_Problem description_
Output each line of the data below exactly, omitting any image.

_Material provided_
◆ ◆ ◆ ◆

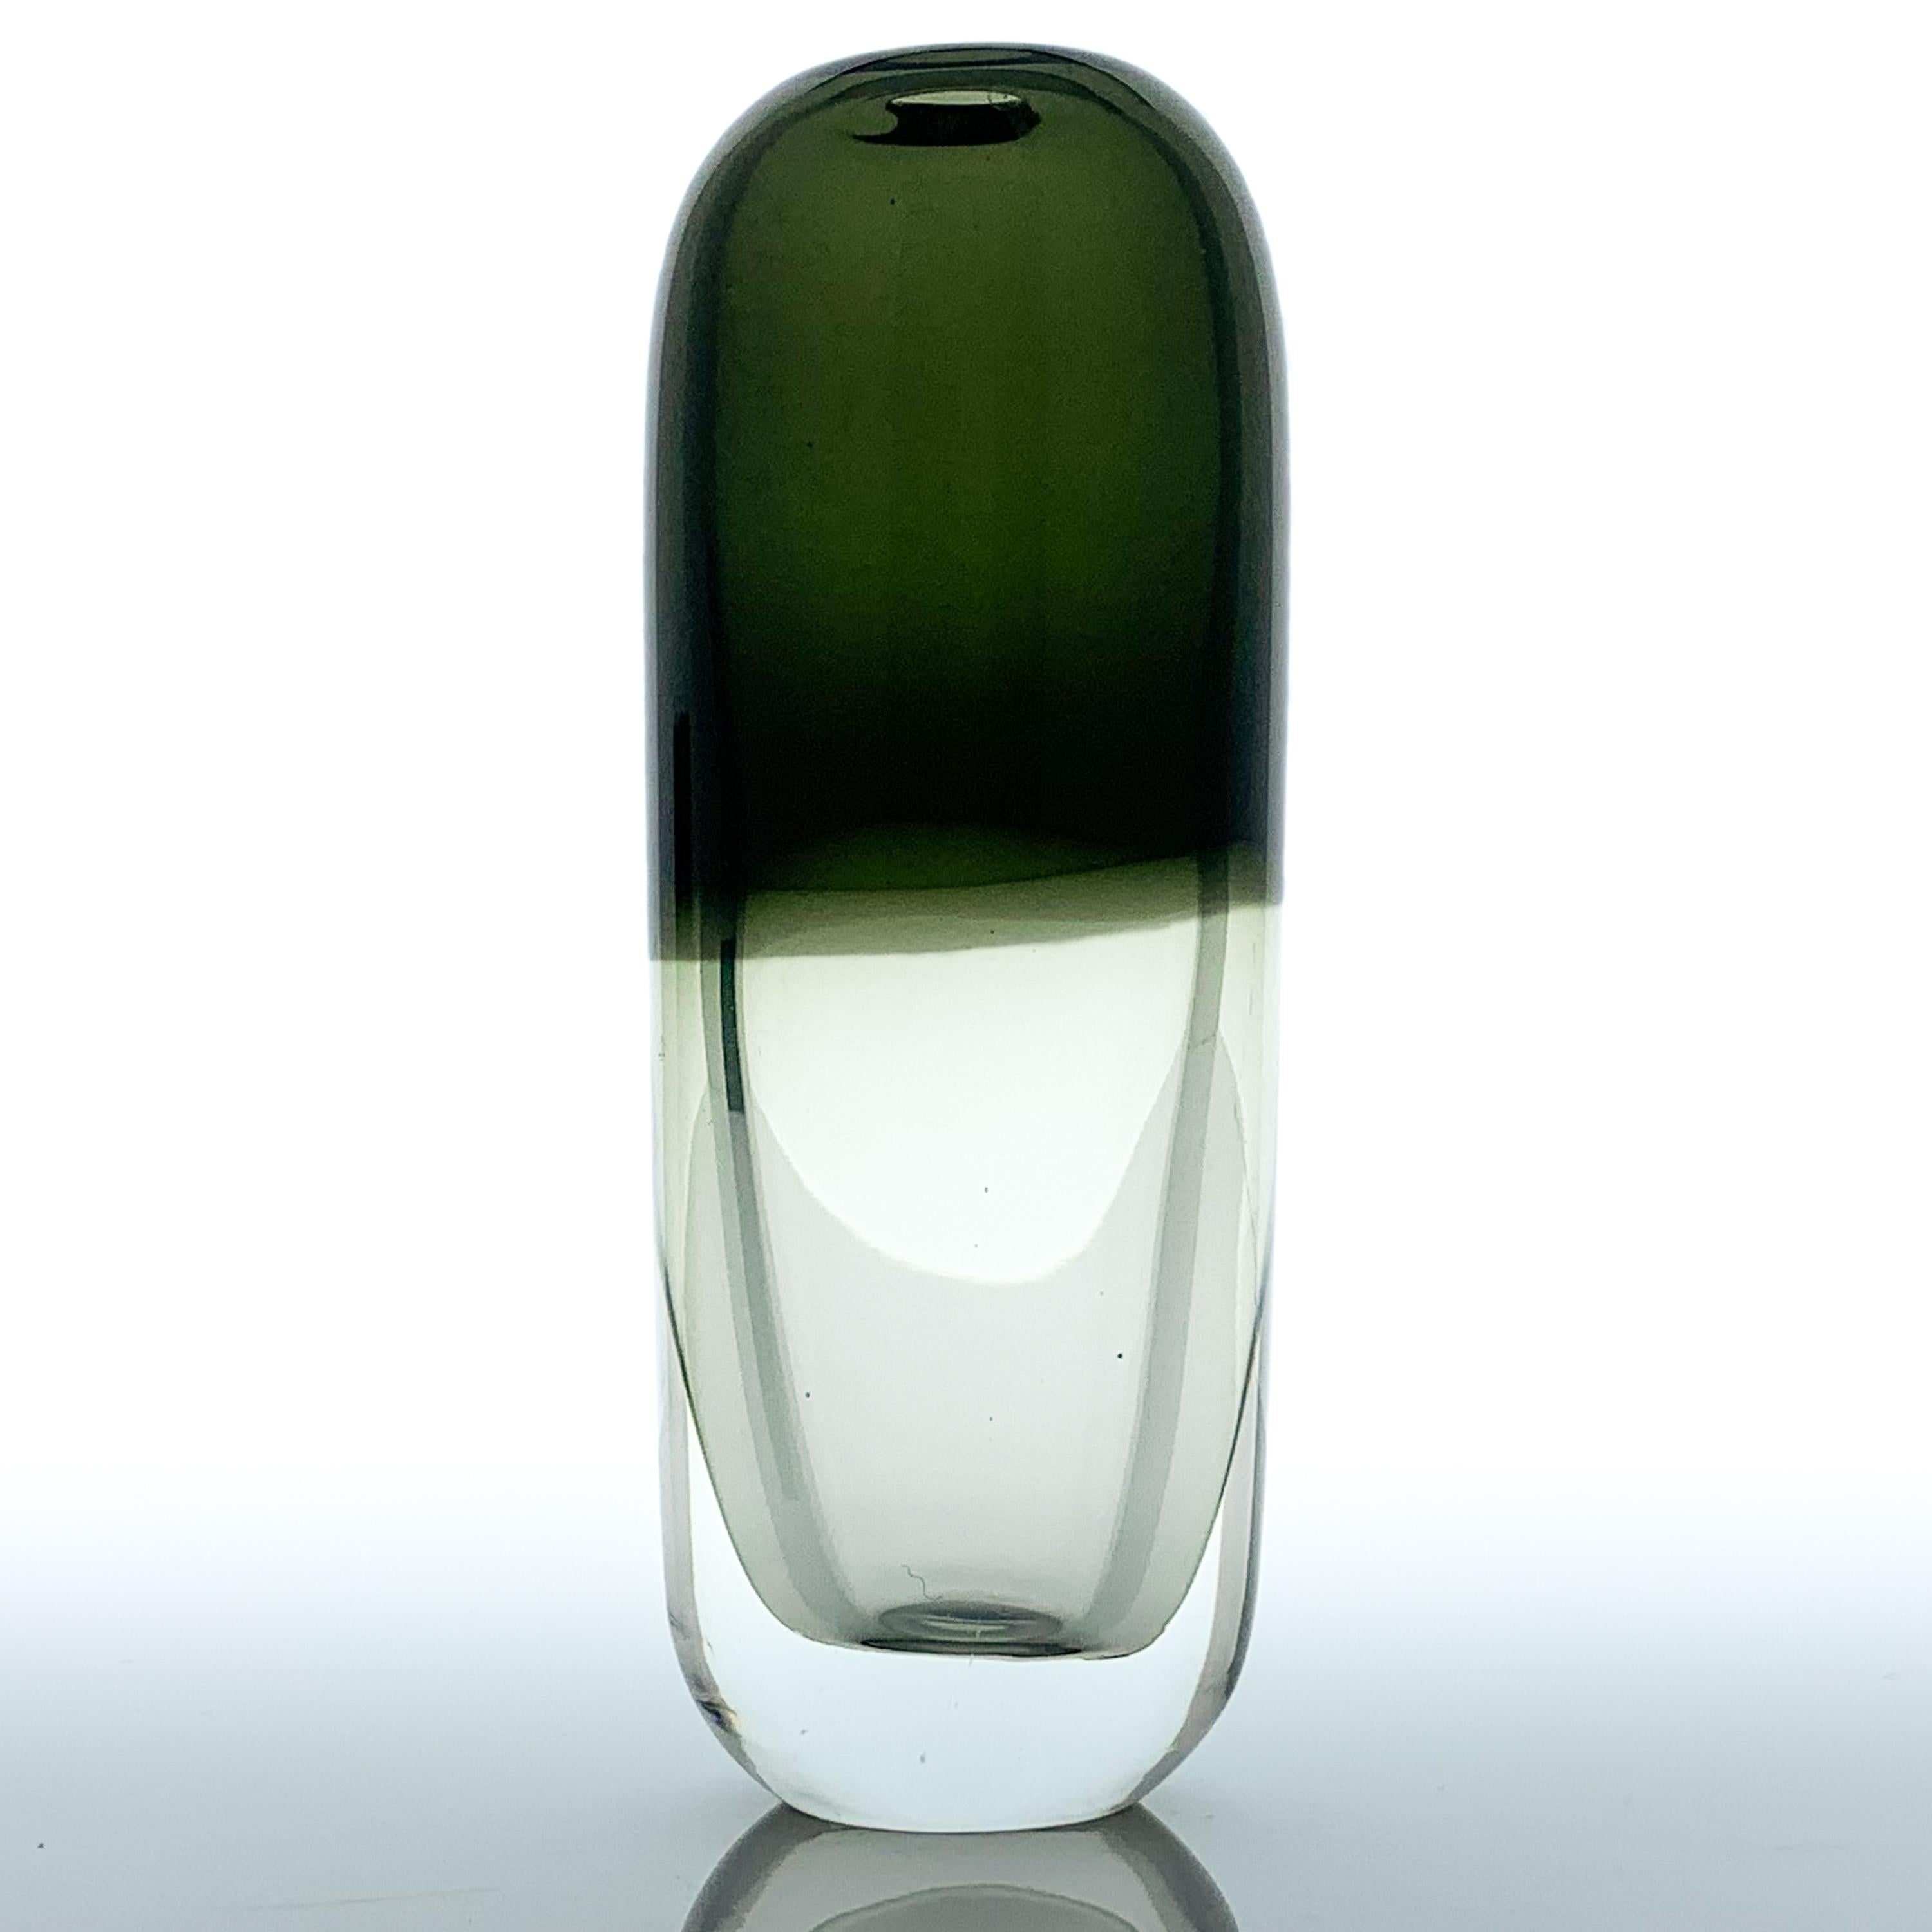 Timo Sarpaneva - Clear and darkgreen glass art-object, model 3599 - Iittala 1957

Artist
Timo Sarpaneva (Helsinki, Finland 1926 – Helsinki, Finland 2006) was an influential Finnish designer, sculptor, and educator best known in the art world for

◆ ◆ ◆ ◆

_Result of this exercise_
 Timo Sarpaneva - Clear and darkgreen glass art-object, model 3599 - Iittala 1957

Artist
Timo Sarpaneva (Helsinki, Finland 1926 – Helsinki, Finland 2006) was an influential Finnish designer, sculptor, and educator best known in the art world for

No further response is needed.